Hardy did know this, but one of the frustrations of his discovery in this matter was the ineptness of some of Fisk's and Bracco's interrogations. He wondered if they'd ever heard of the relatively simple concept of asking witnesses where they'd been, what they'd seen or thought, and what they'd been doing at the time of a murder. This, he thought, was not high-concept police work. And Husic's interrogation-just random chat about flowers and investments, almost nothing about the day of Markham's death-had been one of the worst, he thought.
So he had a lot to fill in here. "I realize that," he replied. "In fact, I've read a transcript of that interview, but I've got a slightly different approach. You just now said 'shot.' You only heard one? I thought I noticed you said 'three' somewhere."
Husic sipped his drink thoughtfully, put it down carefully on the table. "They asked that, too, and I'm afraid I don't have a good answer. I believe I told the other officers that I was in bed at the time, pretty tired after the day over at Carla's. It was emotionally draining as hell over there, let me tell you. But if she needed me, I wanted to be available." Lightly slapping his forehead, he made a face. "Which doesn't answer what you asked me, does it? Sorry. You're a dentist, you spend your whole life making conversation with people who can't answer you. It affects your patterns of speech, and here I go again. All right. How many shots did I hear? Distinctly, only one."

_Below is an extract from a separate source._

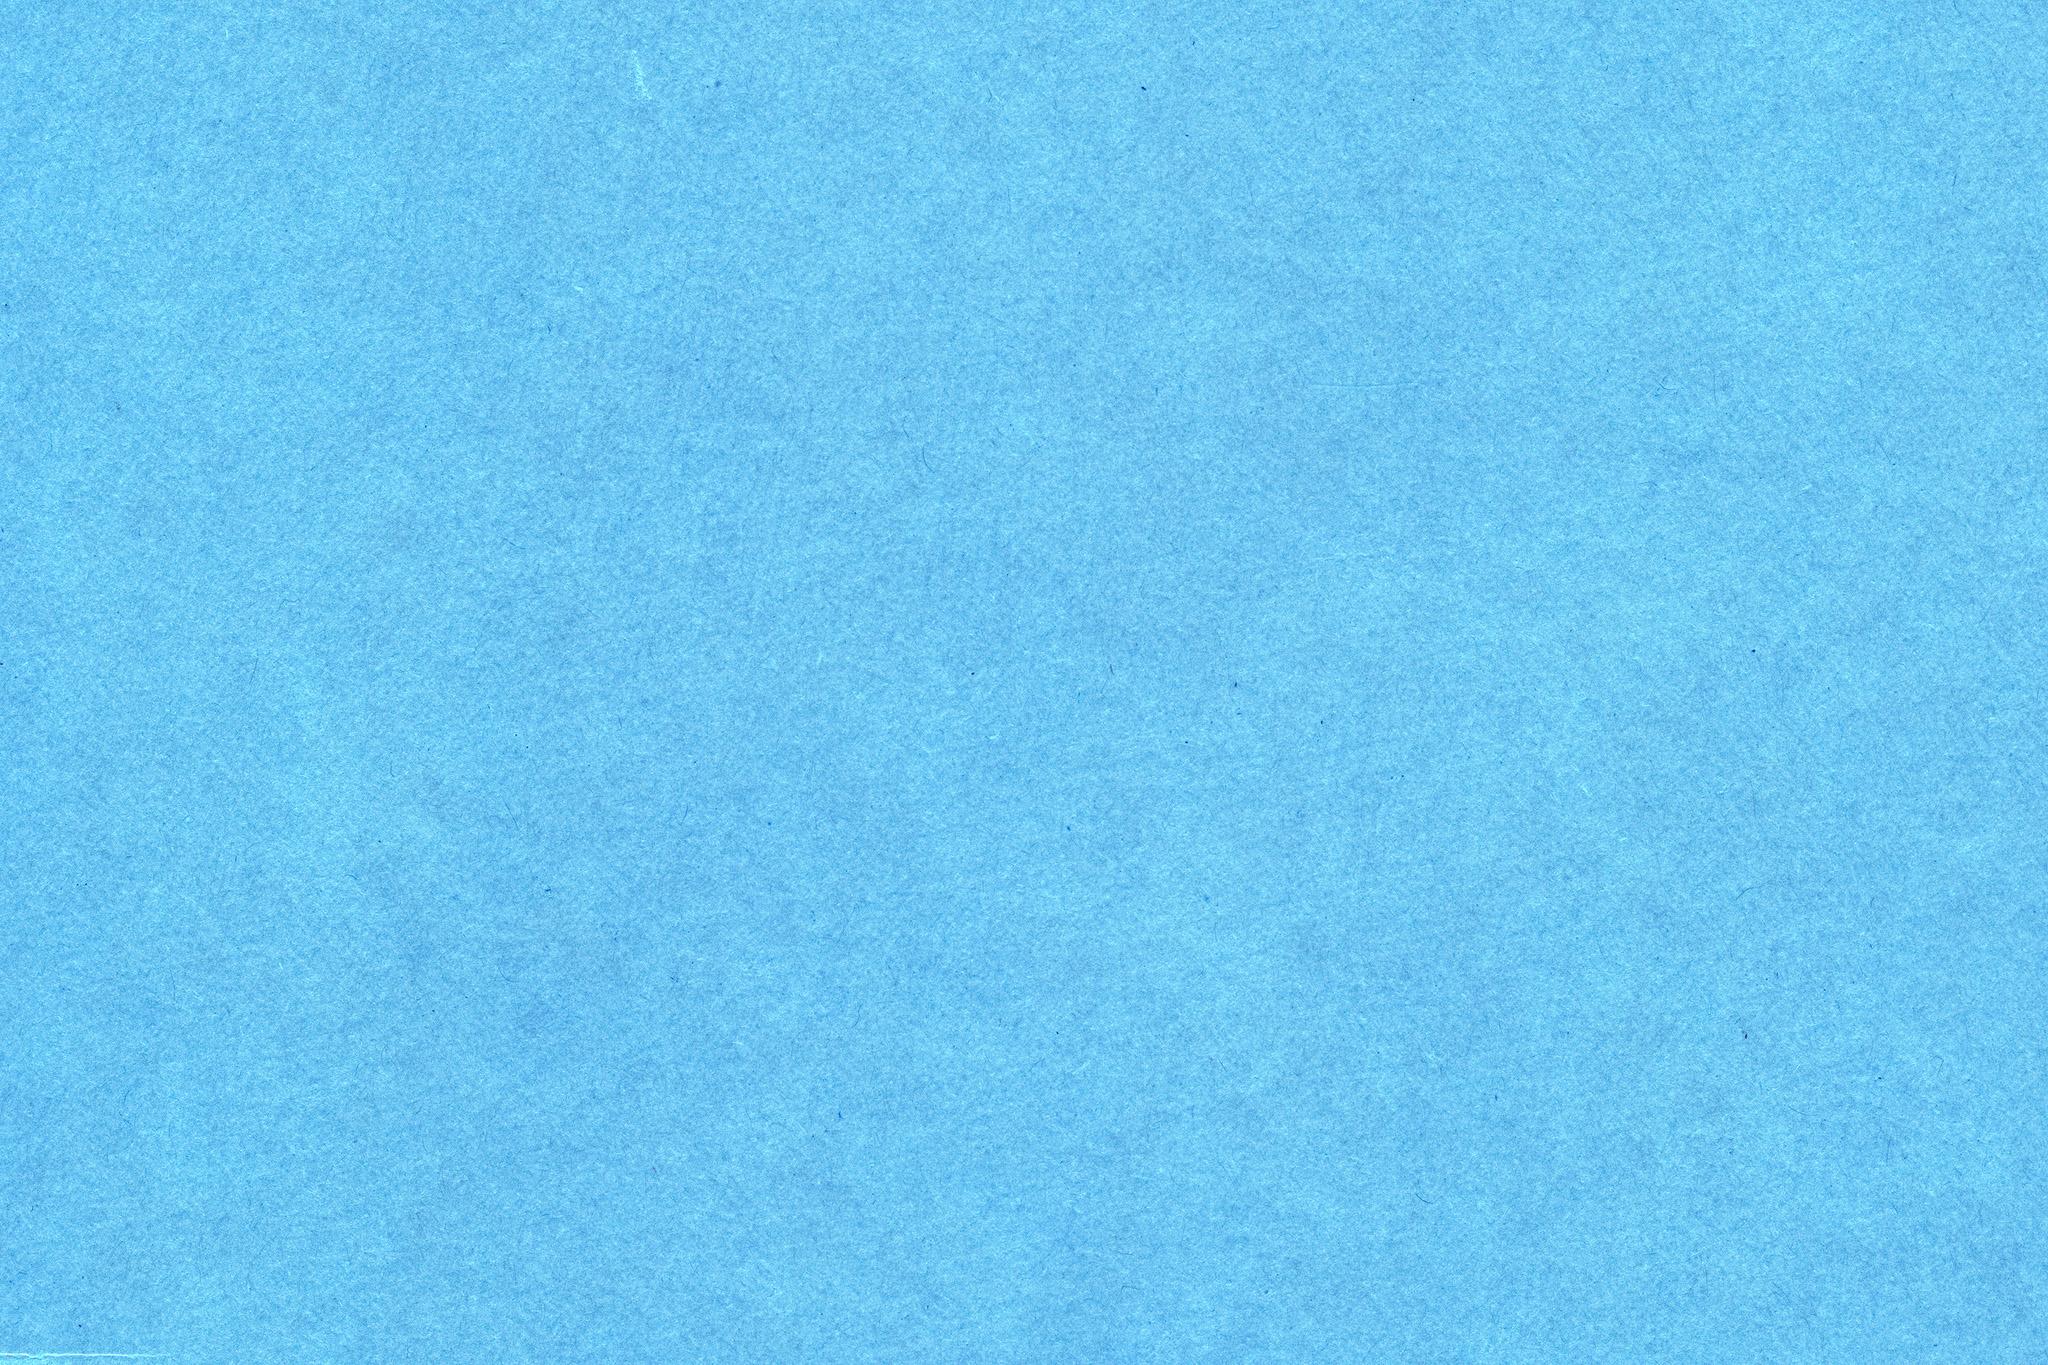 「水色の涼し気な雰囲気の紙」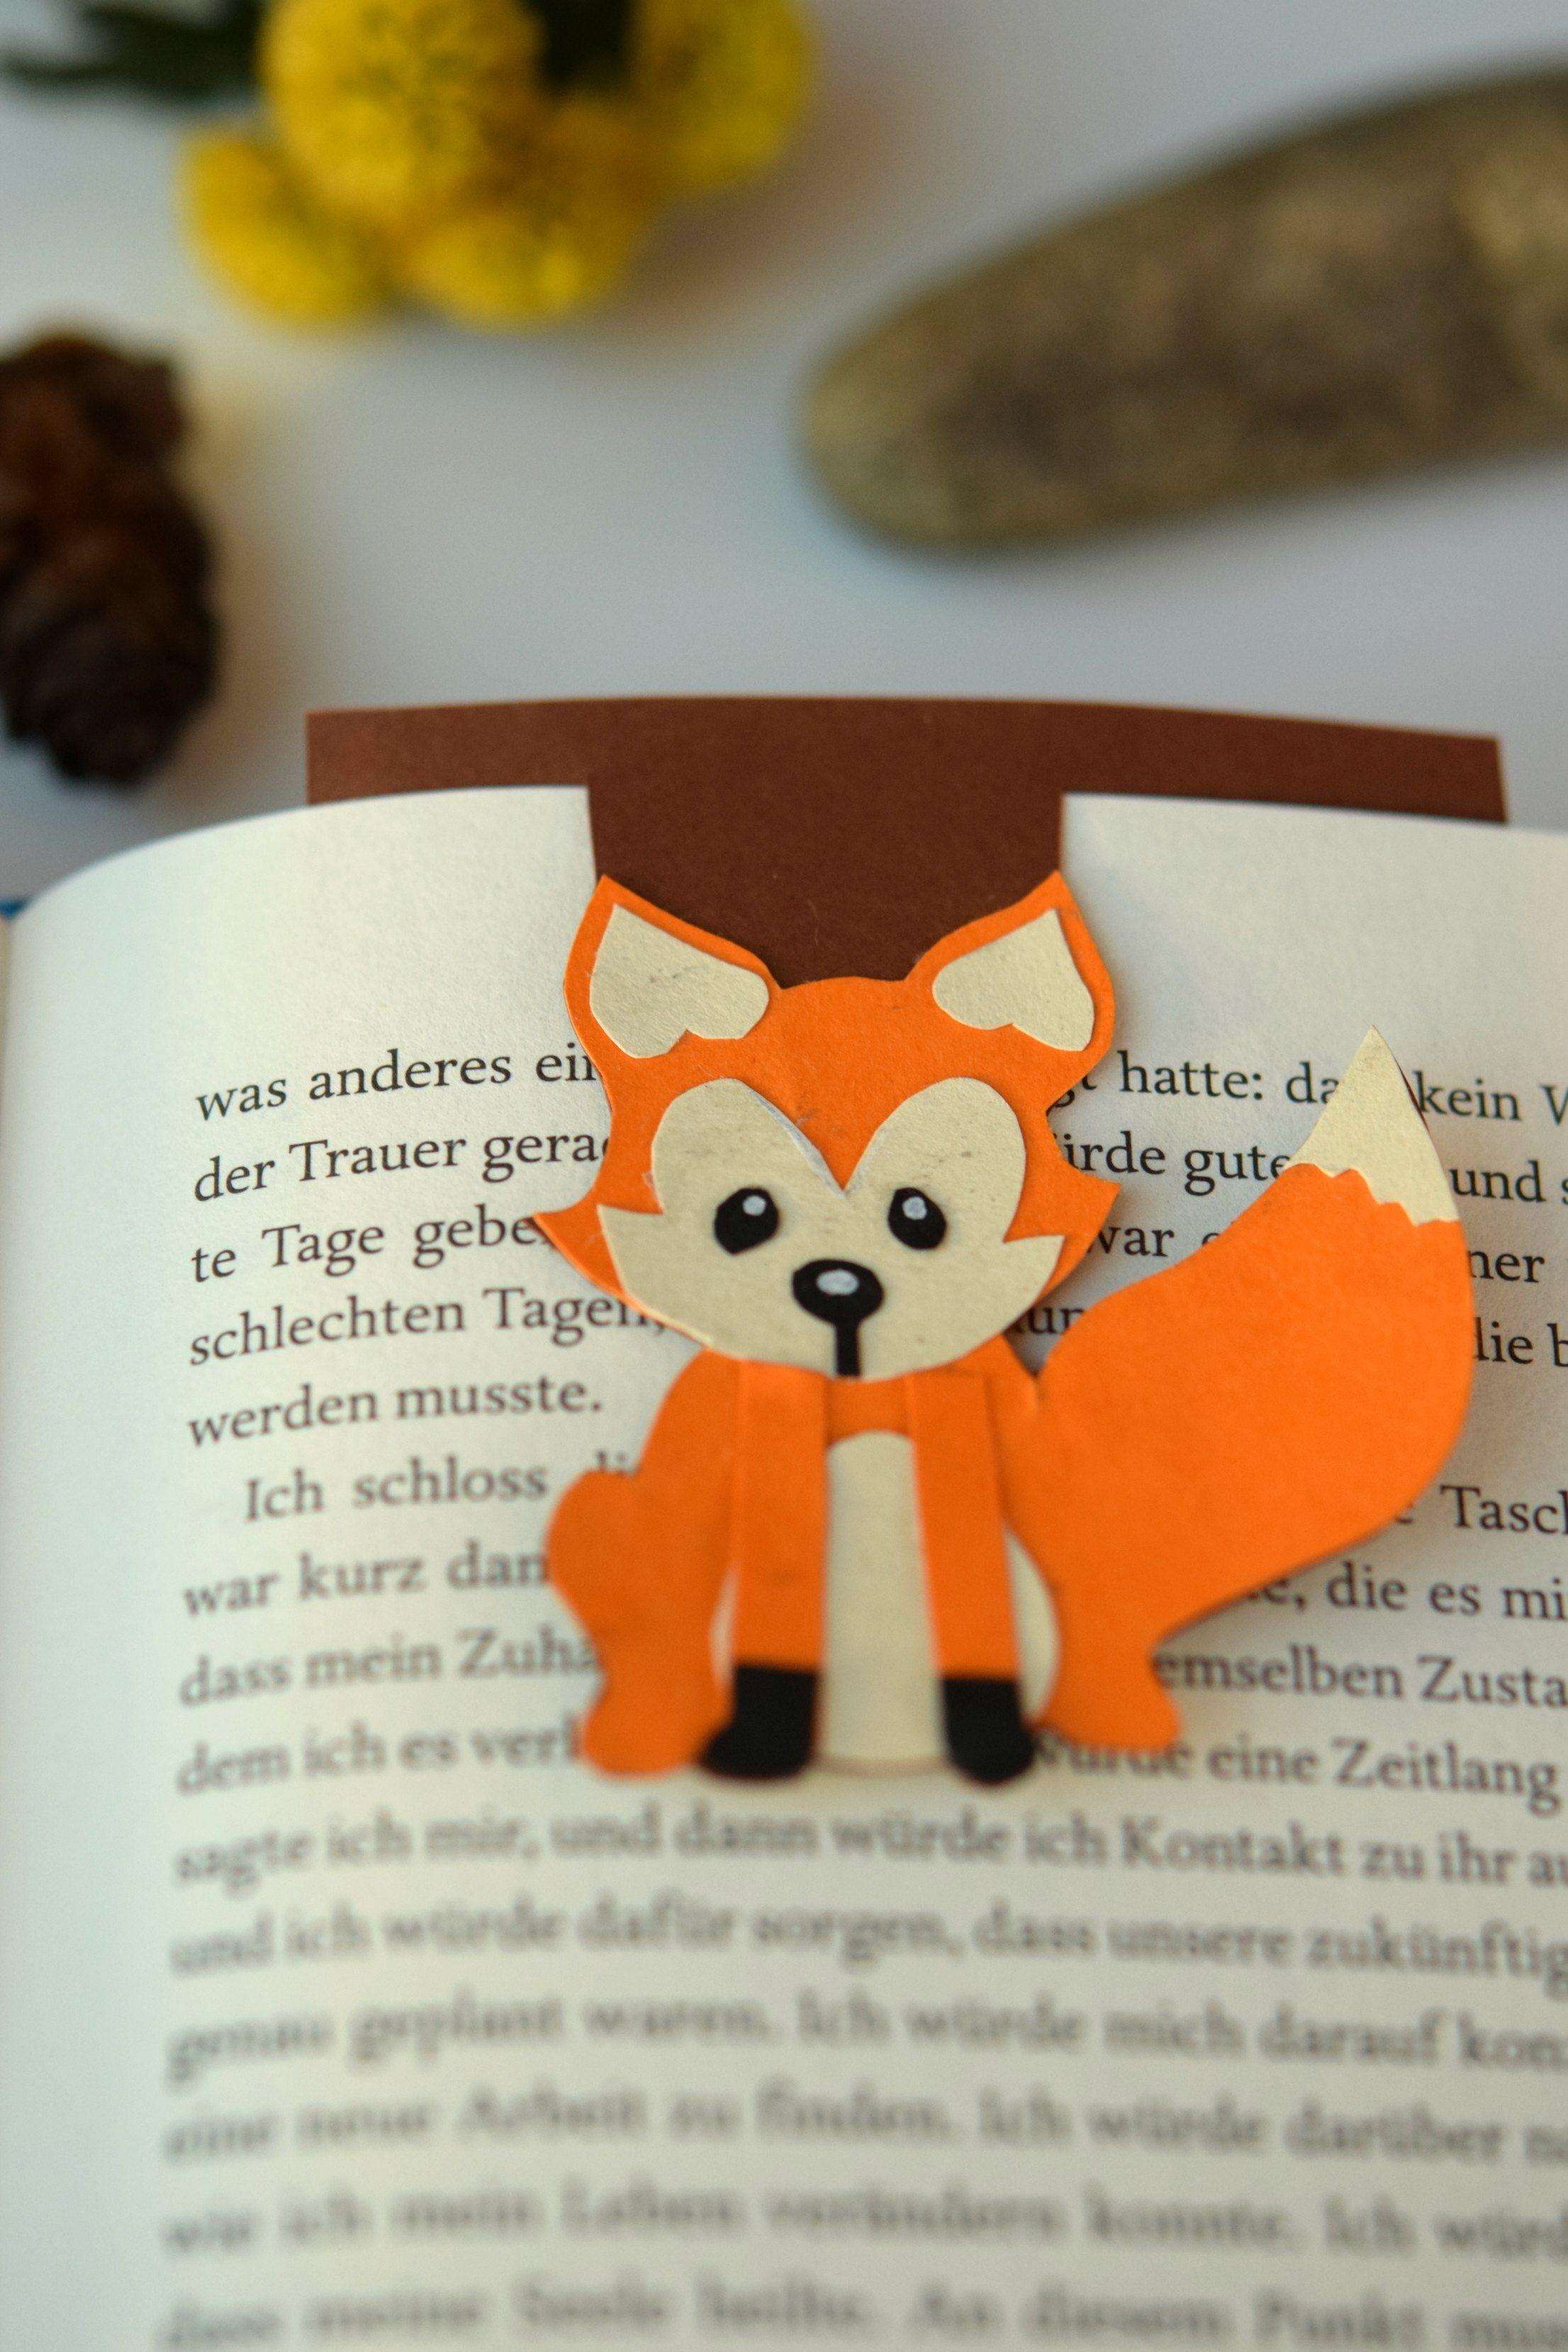 Wundbares Lesezeichen Selbst Gebastelt Diy Bookmark Fuchs Herbst

Hardy looked across the expanse of lawn to what he knew to be the Markhams' kitchen. He realized they'd left the kitchen windows open when they'd gone.
"I thought it was a backfire or something. I mean, a gunshot is not your first thought in this neighborhood."
"But you may have heard three of them?"
"Well, that's funny, you know. None of them were really loud. In my memory it's three, but when I go back there and try to hear them, it's more like I heard one and remembered two. I'm not making sense, am I? What I mean is, the last one definitely was something-I sat up in bed-but the first two were almost as if I dreamed them, you know how that happens?"
"Sure." Hardy nodded. The siren that turns out to be your alarm clock. But this, he thought, might possibly be the two shots that killed the girls-right there seventy feet away-then the last round through the open kitchen window, which would have been louder. "But you were in bed when you heard them? Do you remember what time it was?"
"Yes, exactly. It was ten forty-two on the clock by my bed. I remember being very frustrated. I don't go to sleep easily since Meg passed-four years ago now-and if I wake up, that's usually it for the night. I'm up. And last Tuesday, with all the strain, I came home from Carla's and had a glass of wine, but barely dozed. Then with the gunshot…"
"You were awake the rest of the night?"
"Until three, anyway. Those are long hours, eleven to three."
Hardy made a sympathetic noise. "I know them pretty well myself. So when did you finally determine that they were gunshots?"
"Oh, not until the next morning." The memory bushwhacked him for a moment. "God, it's just so awful."
"You were close to them, the Markhams?"
He hesitated. "Well, Carla, I'd say so. Tim was a bit of a cold fish, at least to me." Moving along to happier memories, his face came alive. "But Carla would come over and help with my garden here sometimes. We'd have coffee…some nice talks. I can't believe…" He hung his head and shook it. When he looked back up, he smiled, but his eyes had a glassy quality.